↓↓↓

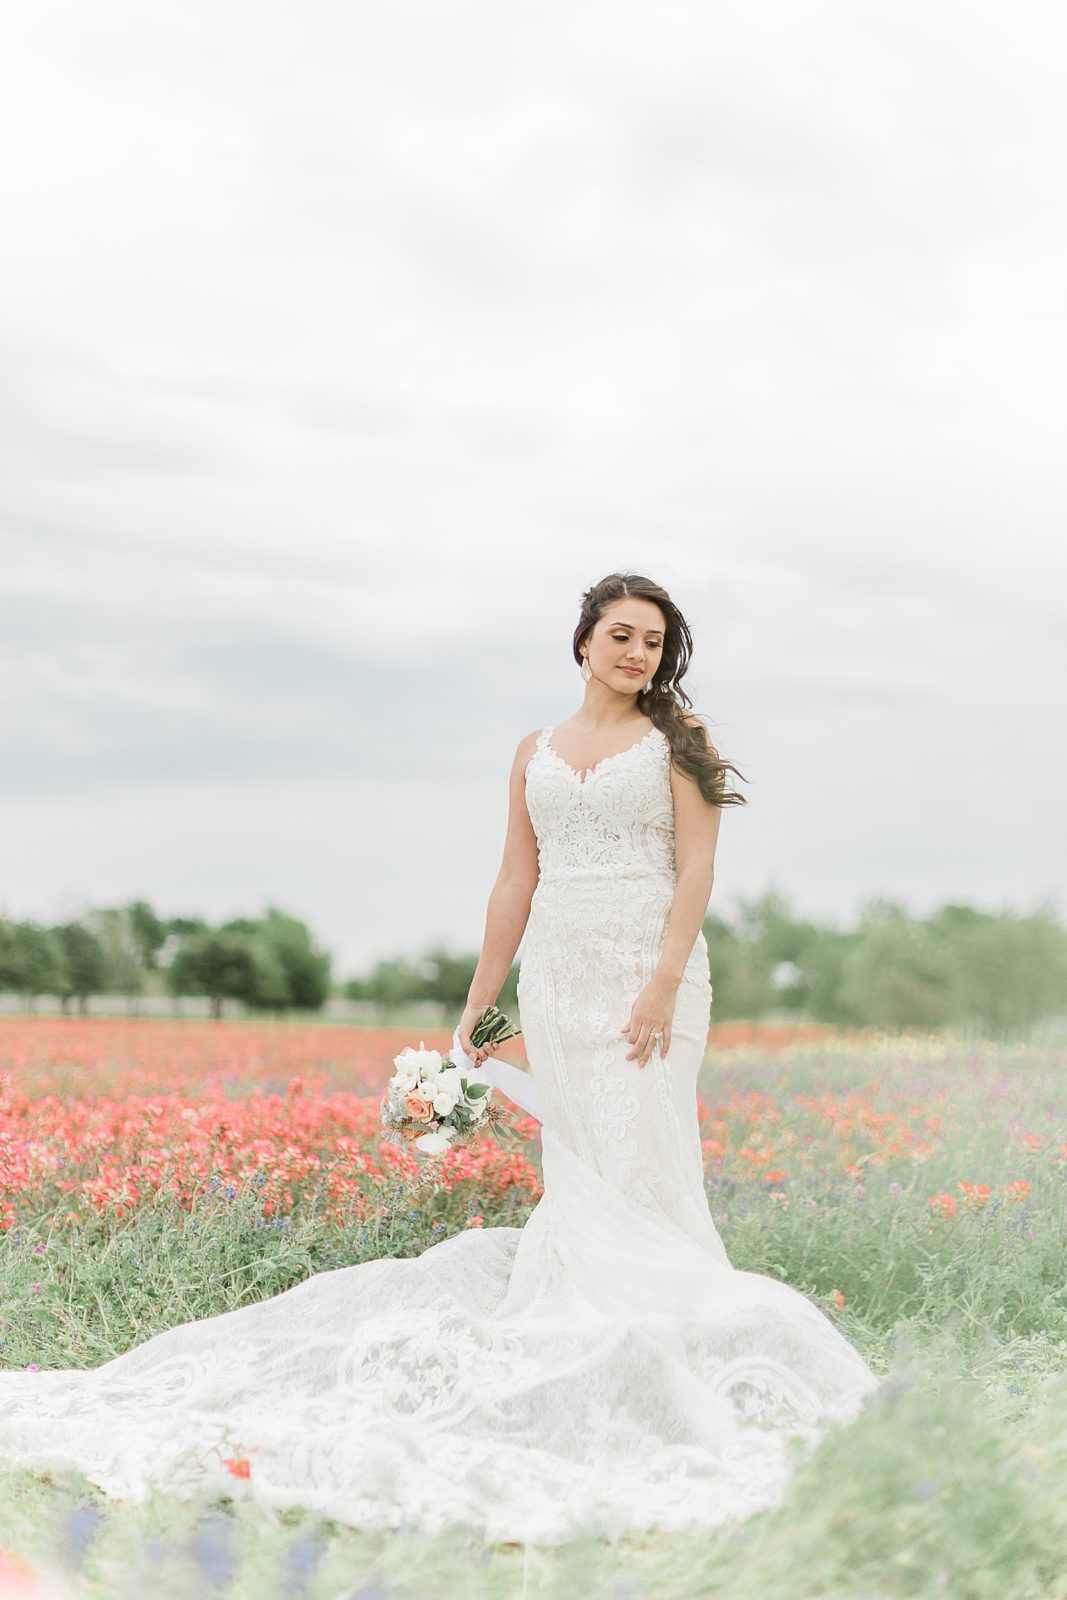 San Antonio Wildflower Sessions, Spring Mini Sessions, Anna Kay Photography, San Antonio Wedding Photographer
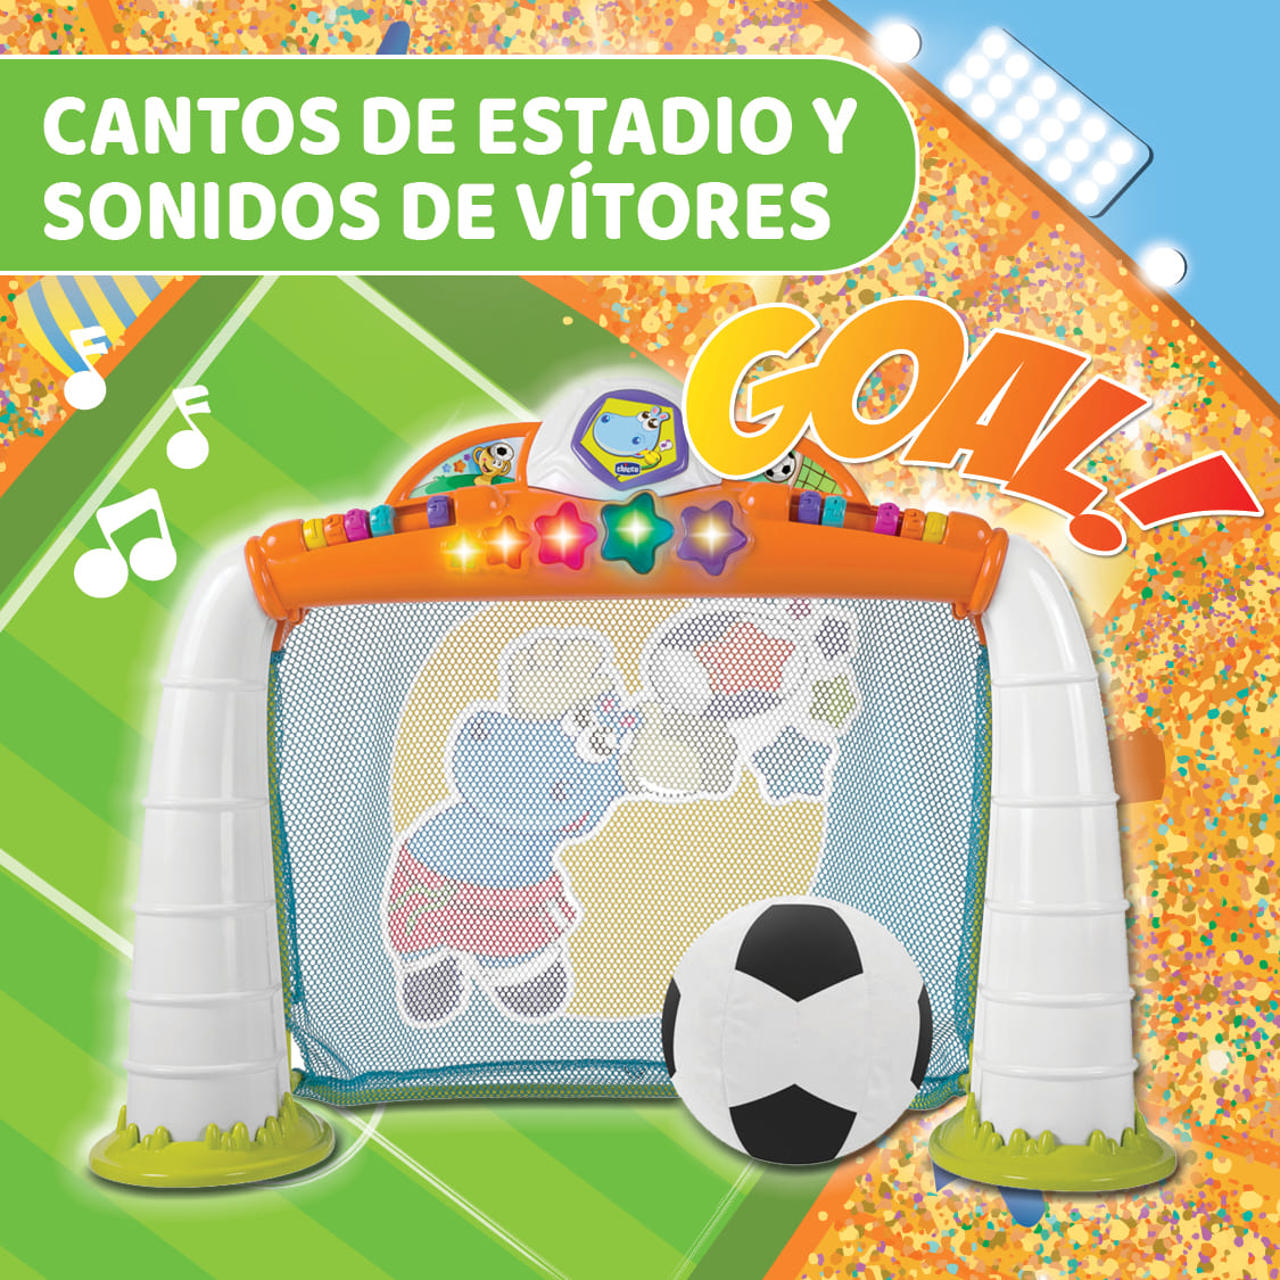 Portería fútbol infantil Chicco Goal League de segunda mano por 20 EUR en  Alhaurín de la Torre en WALLAPOP
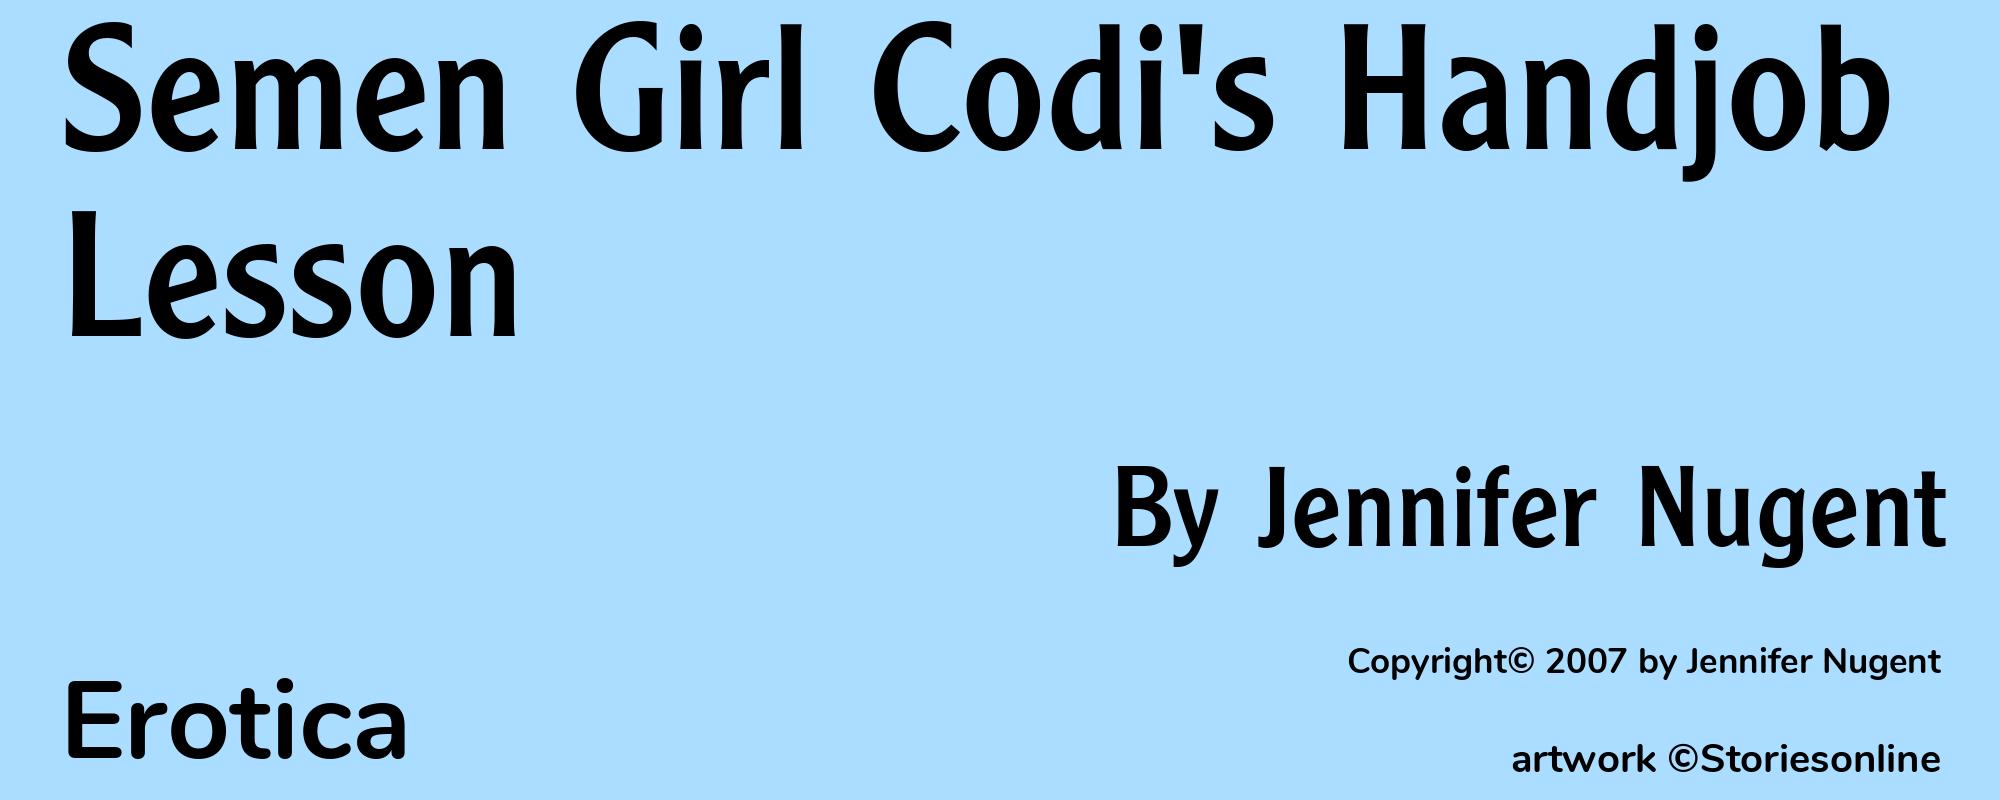 Semen Girl Codi's Handjob Lesson - Cover
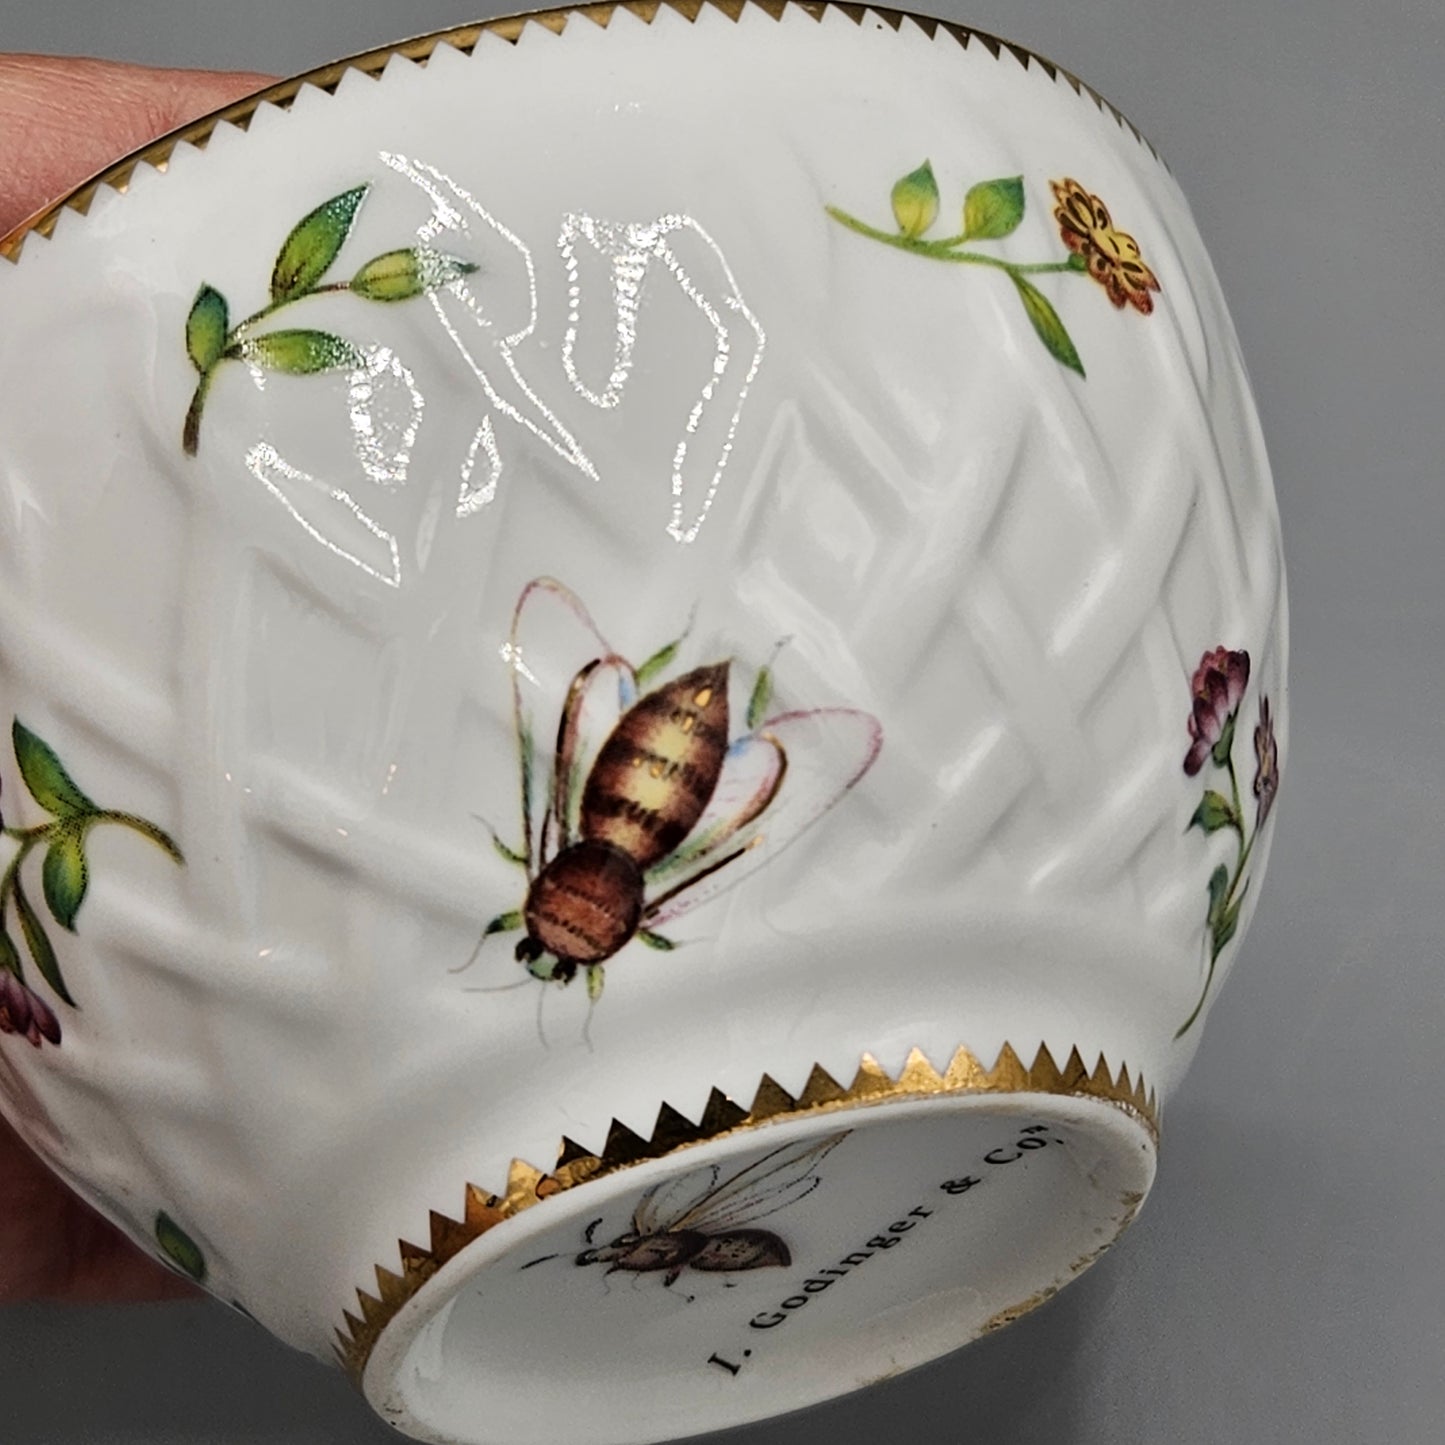 I Godinger & Co Herend-Style Porcelain Primavera Sugar Bowl - Bees and Flowers
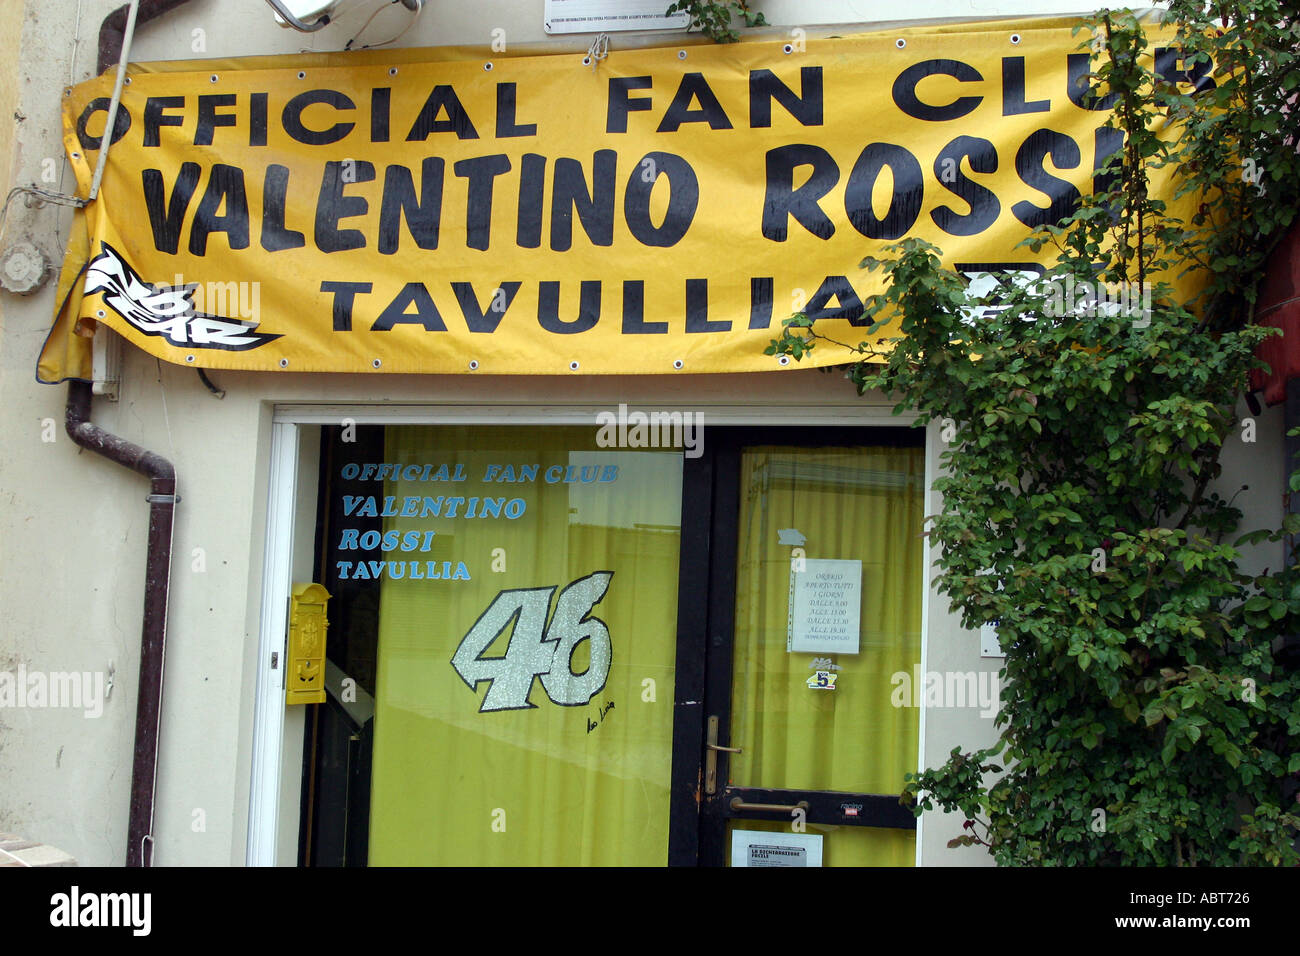 Rød forælder Forblive valentino rossi fan club in tavullia italy Stock Photo - Alamy

↑↑↑

Return word for word the lines from the beginning of the entries through the line that contains "Semen Girl Codi's Handjob Lesson - Cover", both ends included, but no pictures.

* WRITTEN ANSWER *
 San Antonio Wildflower Sessions, Spring Mini Sessions, Anna Kay Photography, San Antonio Wedding Photographer
 Portería fútbol infantil Chicco Goal League de segunda mano por 20 EUR en  Alhaurín de la Torre en WALLAPOP
 Semen Girl Codi's Handjob Lesson - Cover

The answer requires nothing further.